DATA BLOCK »
○ ○ ○ ○ ○

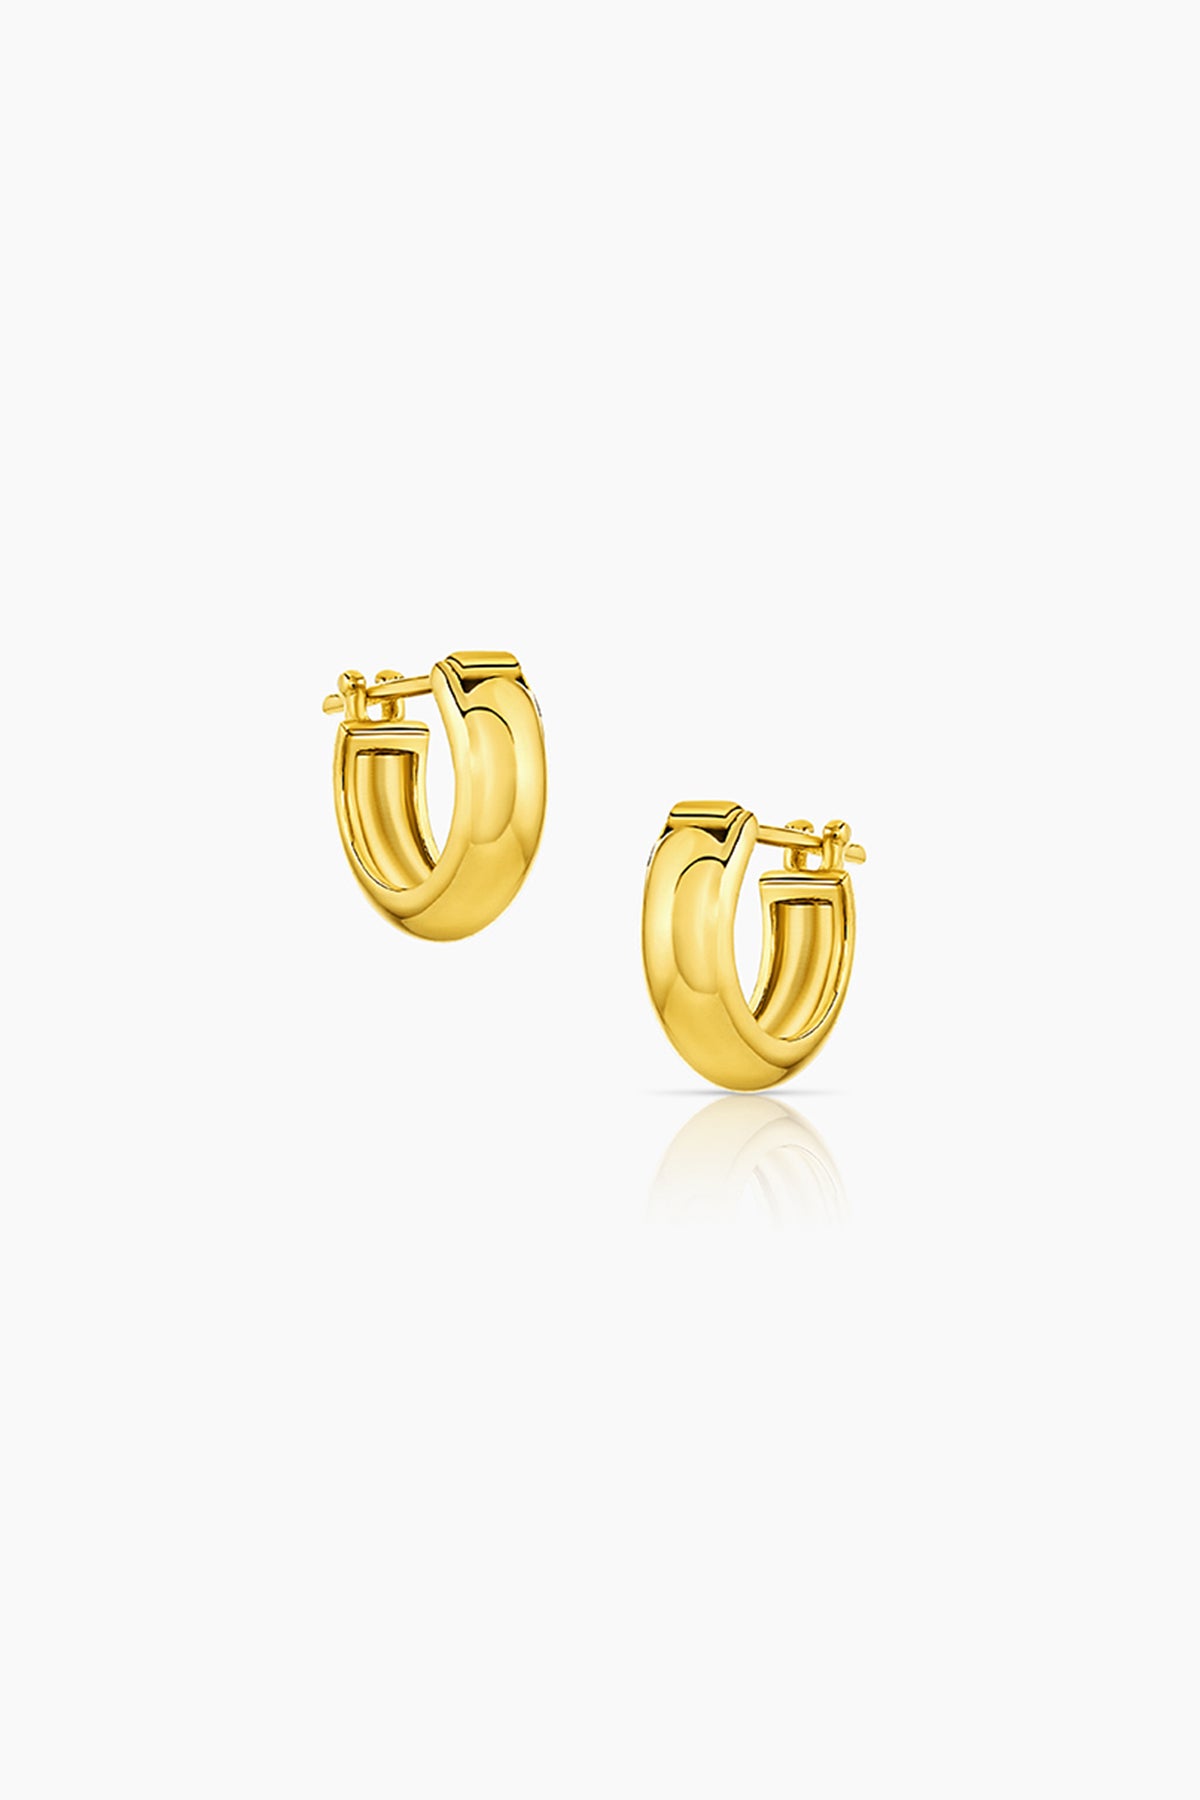   A pair of Thatch yellow gold hoop earrings named VINCE HUGGIE HOOPS. 
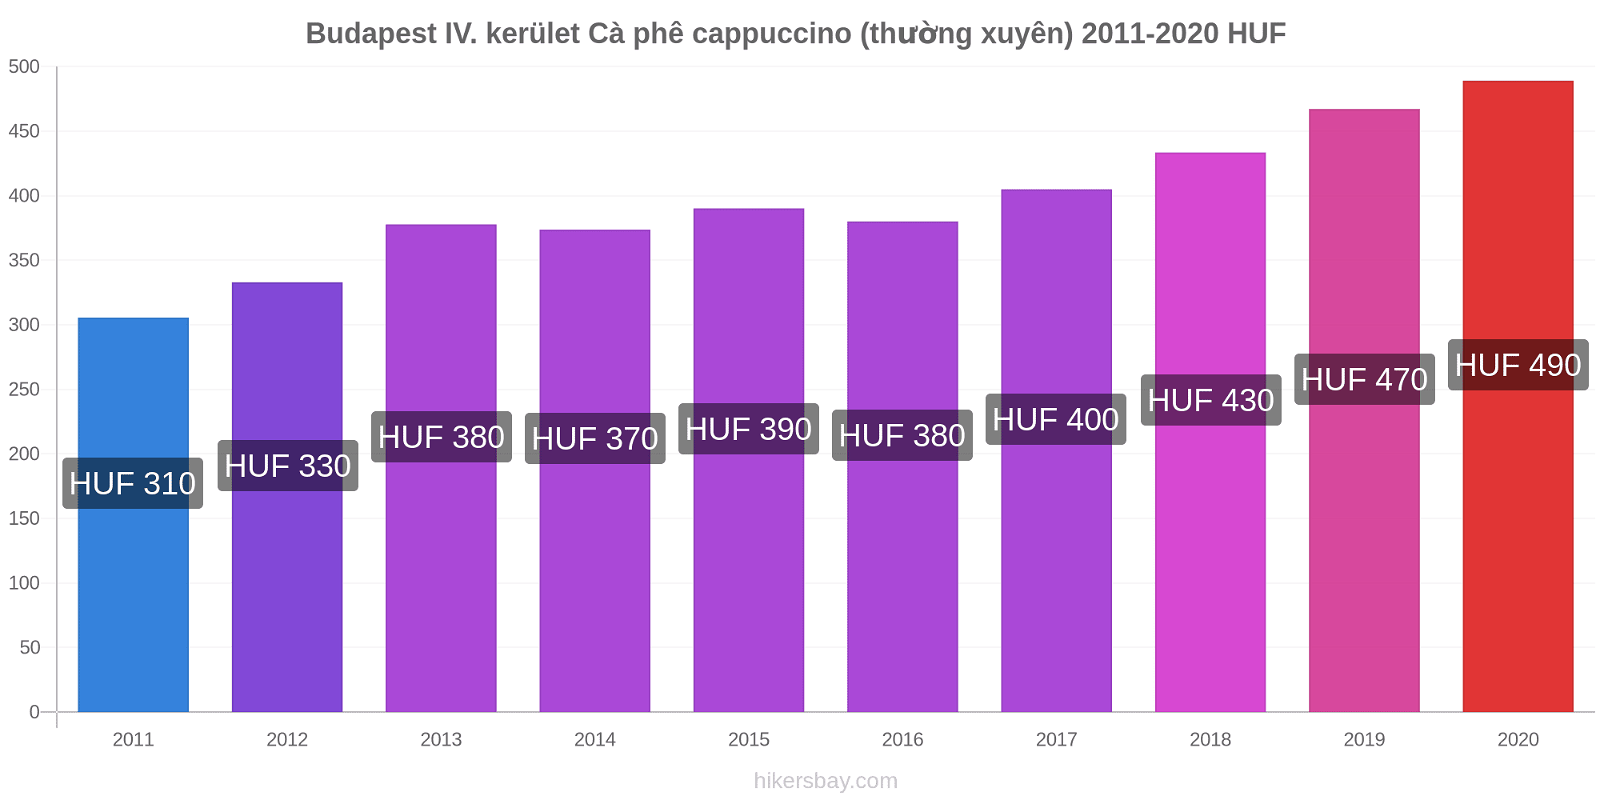 Budapest IV. kerület thay đổi giá Cà phê cappuccino (thường xuyên) hikersbay.com
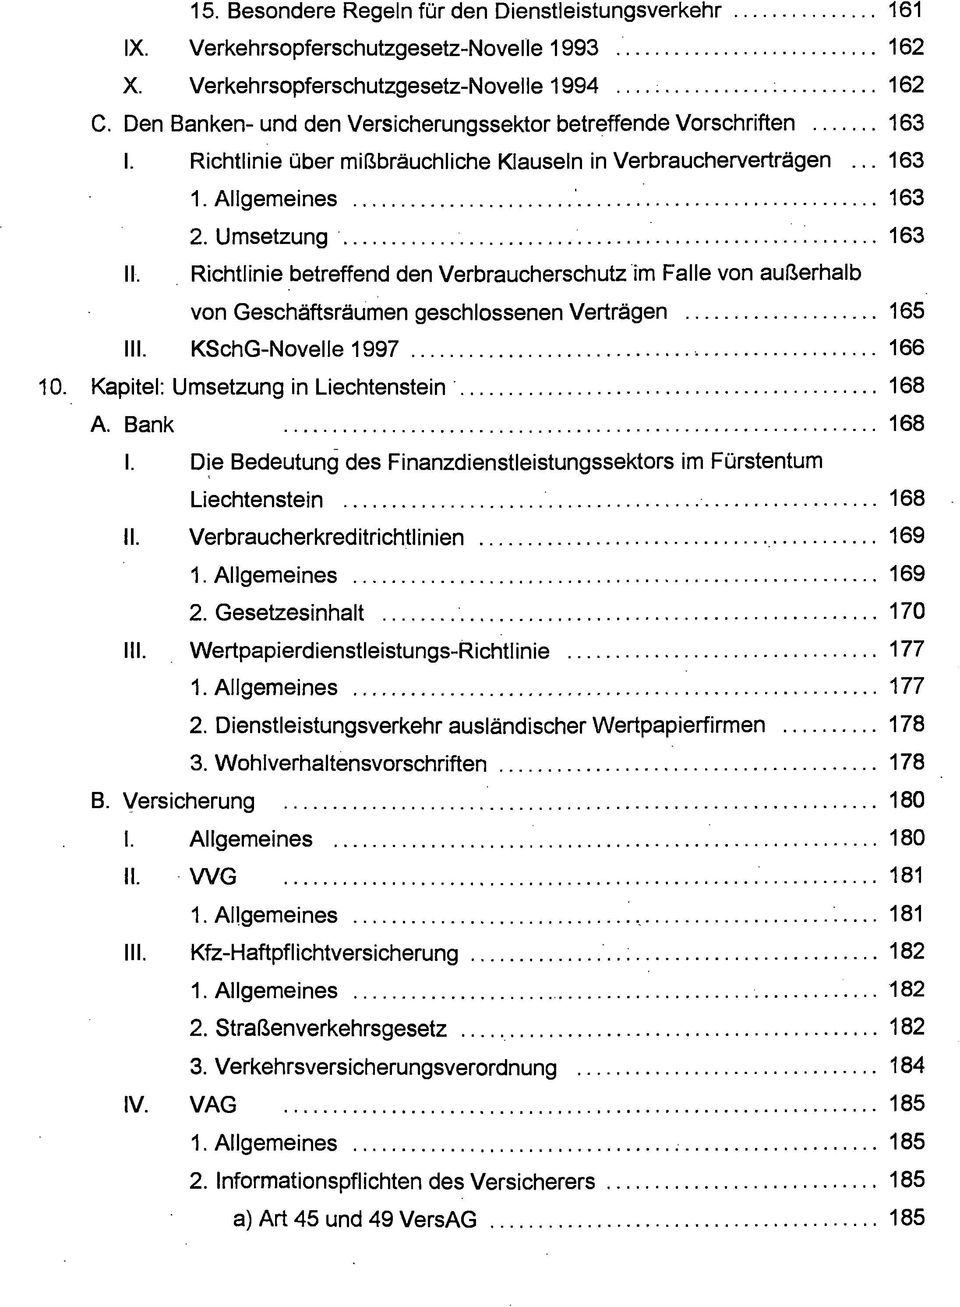 Richtlinie betreffend den Verbraucherschutz im Falle von außerhalb von Geschäftsräumen geschlossenen Verträgen 165 III. KSchG-Novelle 1997 166 Kapitel: Umsetzung in Liechtenstein 168 A. Bank 168 I.

○ ○ ○ ○ ○

TASK TO COMPLETE » Every line of the material above must be written out exactly, with no pictures.

RESPONSE BELOW »
   A pair of Thatch yellow gold hoop earrings named VINCE HUGGIE HOOPS. 
 Budapest IV. kerület thay đổi giá Cà phê cappuccino (thường xuyên) hikersbay.com
 Richtlinie betreffend den Verbraucherschutz im Falle von außerhalb von Geschäftsräumen geschlossenen Verträgen 165 III. KSchG-Novelle 1997 166 Kapitel: Umsetzung in Liechtenstein 168 A. Bank 168 I.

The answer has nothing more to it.